Благообразный, седой как лунь, еще не старый, очень аккуратный человечек, с младенческим румяным лицом, — весь нашпигованный своей жизнью рядом с гением русской литературы, он, наверное, даже во сне продолжал цитировать разные его высказывания, заученное повторение которых он преподносил слушателям, не слишком разбираясь в уместности того или иного изречения перед той или другой аудиторией. Он пользовался огромным уважением общества, загипнотизированного именем Толстого, и постепенно это уважение он перенес на себя лично, возгордился неимоверно и изображал из себя некоего преемника Льва Николаевича, продолжателя, так сказать, его трудов. Главным мотивом его публичных выступлений были рассказы о том, как Лев Николаевич ценил его, Булгакова, мнение, как беседовал с ним как с равным, как интересовался его суждением о той или иной мысли, высказанной Толстым.

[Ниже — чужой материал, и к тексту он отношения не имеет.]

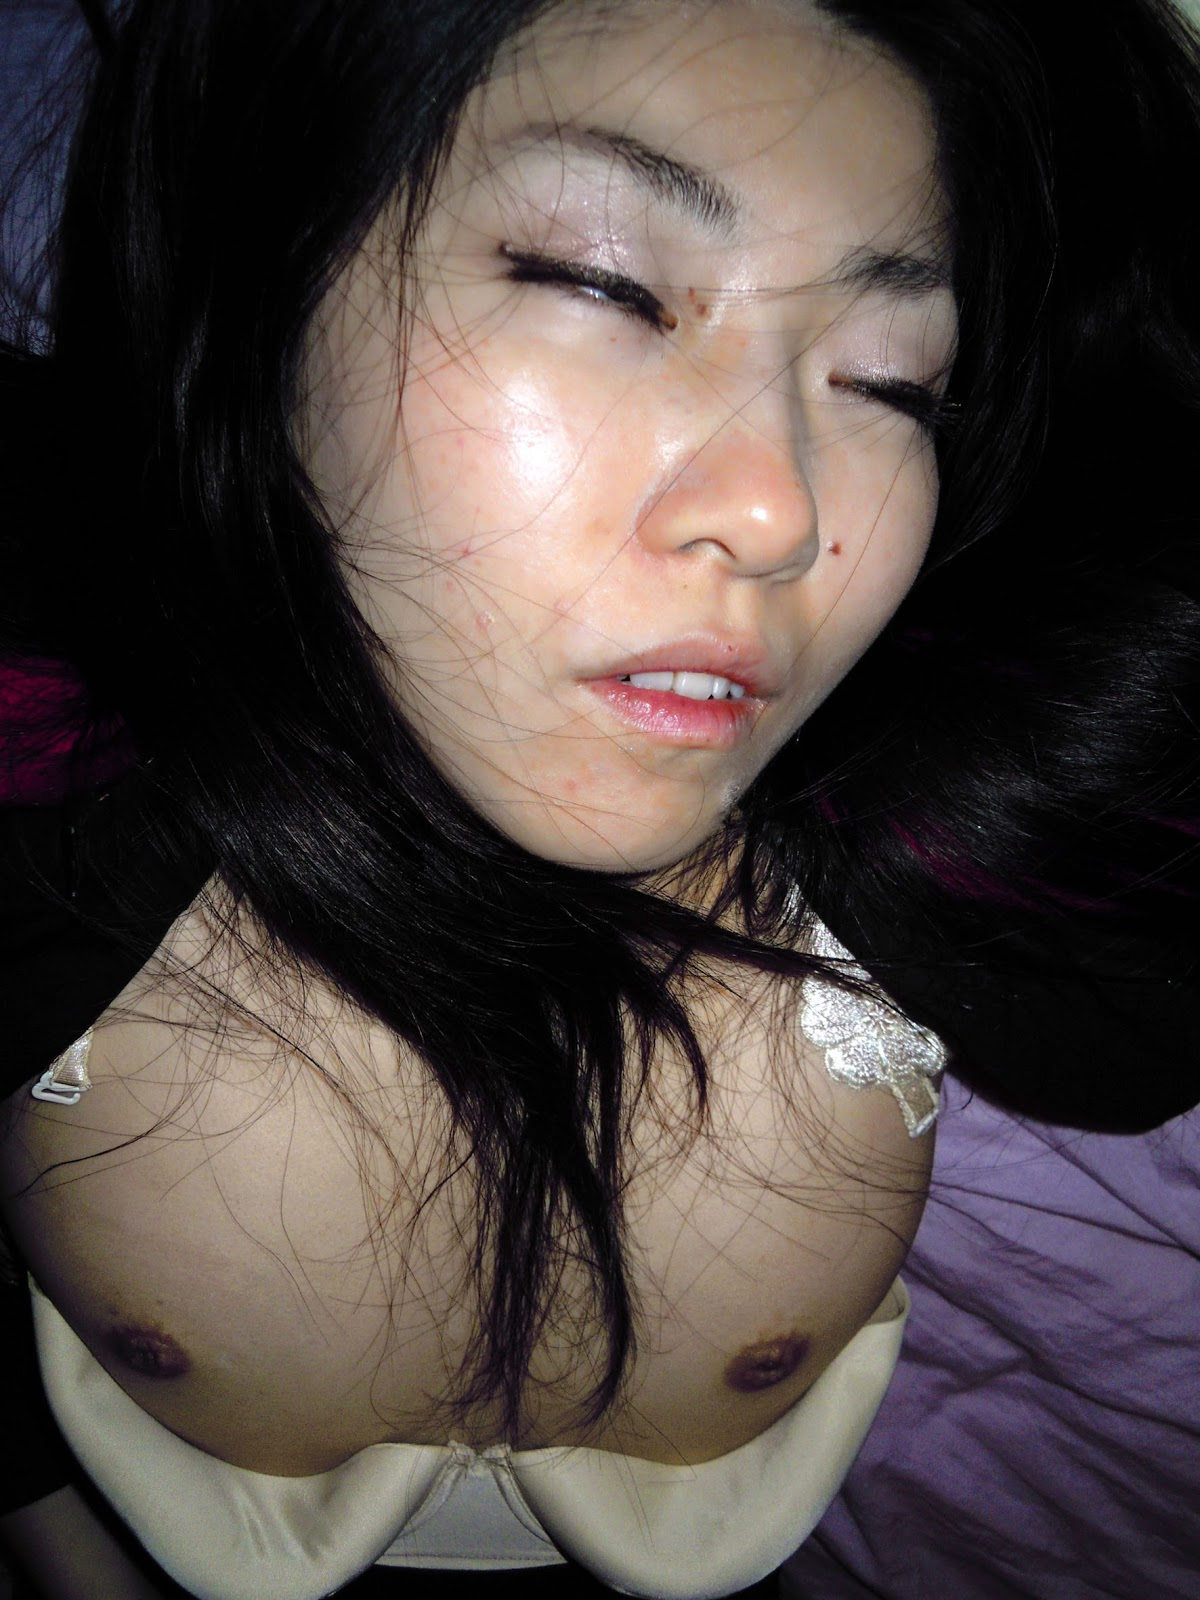 drunk girlfriend |sexmenu free amateur asian girls photo videos

Совсем другое мнение составилось у мамы о Татьяне Львовне Толстой, — она с бесконечным уважением относилась к ней не только как к живой продолжательнице рода Толстых, столь верно повторяющей внешность и манеры отца, но и как к необыкновенно умной, эрудированной женщине, с которой можно было часами беседовать на всевозможные темы, как абстрактные, так и сугубо житейские. В то время Татьяна Львовна была очень занята предстоящим замужеством своей дочери Тани, внучки Толстого, со знатным итальянцем, ее увлекали мечты о жизни рядом с любимой дочерью в великолепных условиях родового замка и богатства, заставляя забыть об убожестве эмигрантской жизни, ощущаемой Татьяной Львовной не столько на себе, сколько на других, близких ей людях, преданных искусству и литературе.

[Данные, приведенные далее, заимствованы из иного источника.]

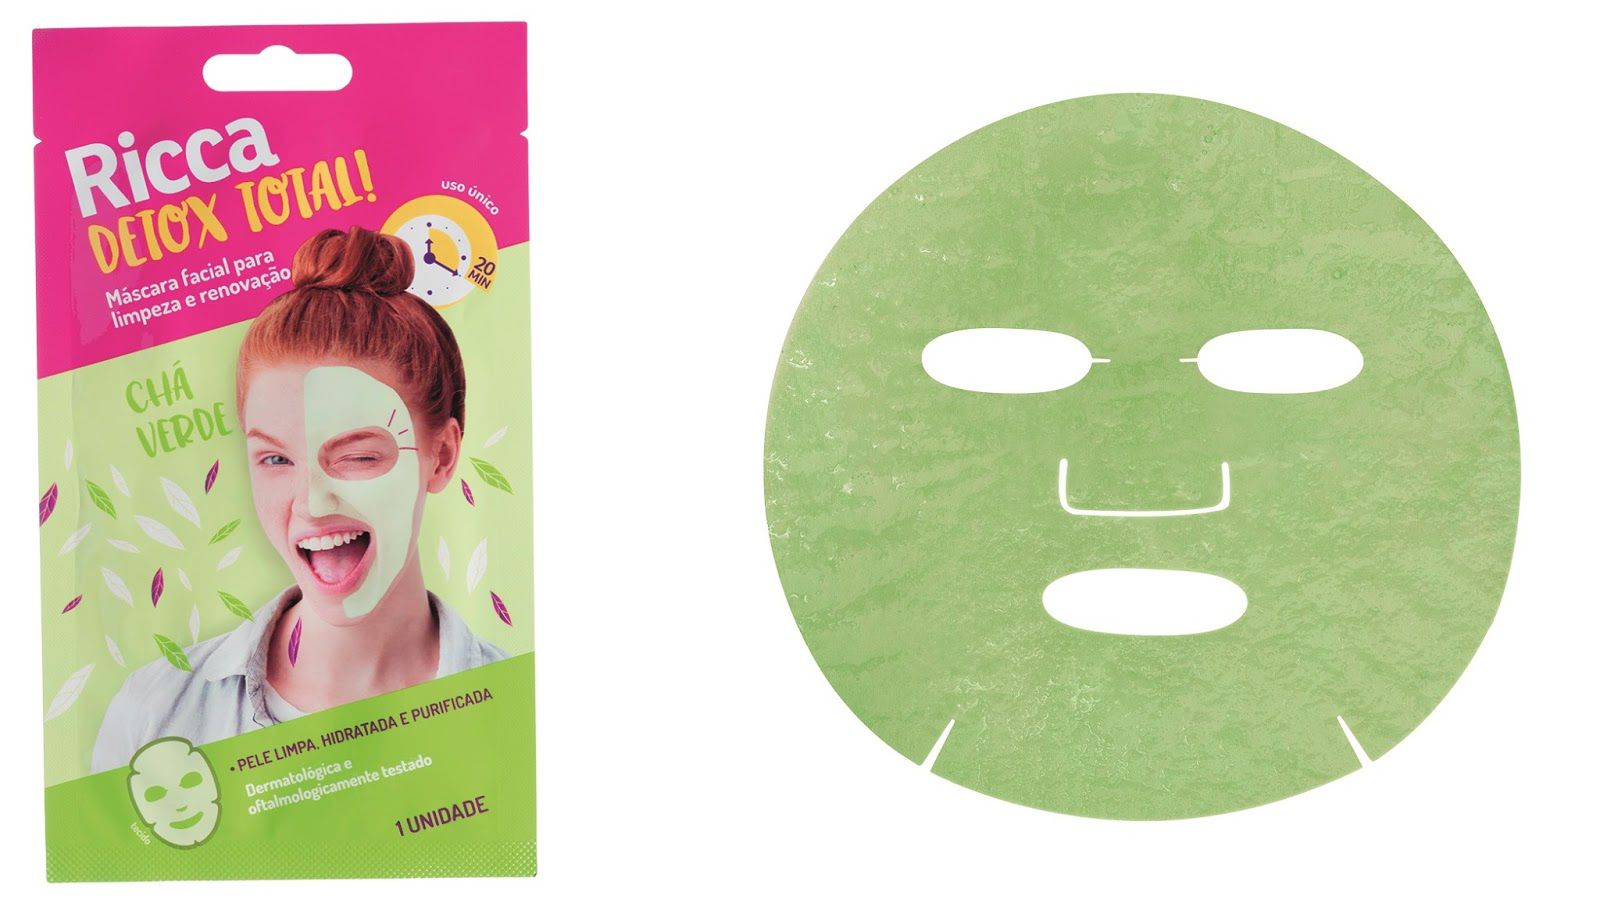 Máscara de Limpeza Facial Detox Total! - 1 unid. - Ricca

— Папа, — говорила Татьяна Львовна, — возвышался надо мной, как величественная, вся в снегах мудрости гора, а я стояла внизу как бы на коленях и могла только молитвенно воздевать к нему руки. Надо сказать, папа никогда не дал мне понять, что я мала, как песчинка, рядом с ним, никогда не показал своего превосходства.

Я помню слезы в маленьких глазах дочери Льва Толстого, когда она, уезжая в Италию, в последний раз обняла маму перед крыльцом нашего дома на Маргерит Реноден. Шмыгая своим покрасневшим толстовским носом, она вышла на улицу и со вздохом залезла в такси, — мама грустно стояла у ворот: опять уезжал человек, с которым она сблизилась, в котором нашла родственную душу.

— Я еще приеду к вам в Италию! — крикнула она, когда такси тронулось, но уже только взмах руки был ей ответом…

Мне тоже стало грустно и жалко всех — и уезжающую навстречу своей новой жизни Татьяну Львовну, которая так напоминала мне нашу незабвенную добрую «бабеньку», и маму, которая опять осталась без друга, и Савву, всегда с благоговением взиравшего на любимую дочь Льва Толстого и так восхищавшегося ее фамильным сходством с отцом.

Что же не говорю я ничего о Варламовых? Неужели забыла Таню, Волю, — про все то, что так сроднило нас в Чехословакии… Нет, ничего я не забыла, все так же помню, так же тоскую, так же пишу письма, правда, одной Тане, так же получаю ответы, в которых говорится, что меня всегда ждут, всегда надеются на мой приезд. В самом деле: может быть, в знакомой Чехословакии найдется для меня место под солнцем, где я могла бы работать. Неприятен мне этот громадный, неуютный Париж, где так много народа и так мало настоящей привязанности, милых сердцу людей, какой-то простой, спокойной жизни, приемлемой работы, без этого унизительного прислуживания сильным мира сего?

И я начинаю в своих письмах просить Таню, чтобы она поискала для меня какое-нибудь приличное место, хотя бы гувернантки к большим уже детям, желающим подучить иностранные языки — французский, английский, русский. Таня отвечала, что она постарается, но обещать ничего не может, так как в Чехословакии тоже кризис и найти хорошее место очень трудно.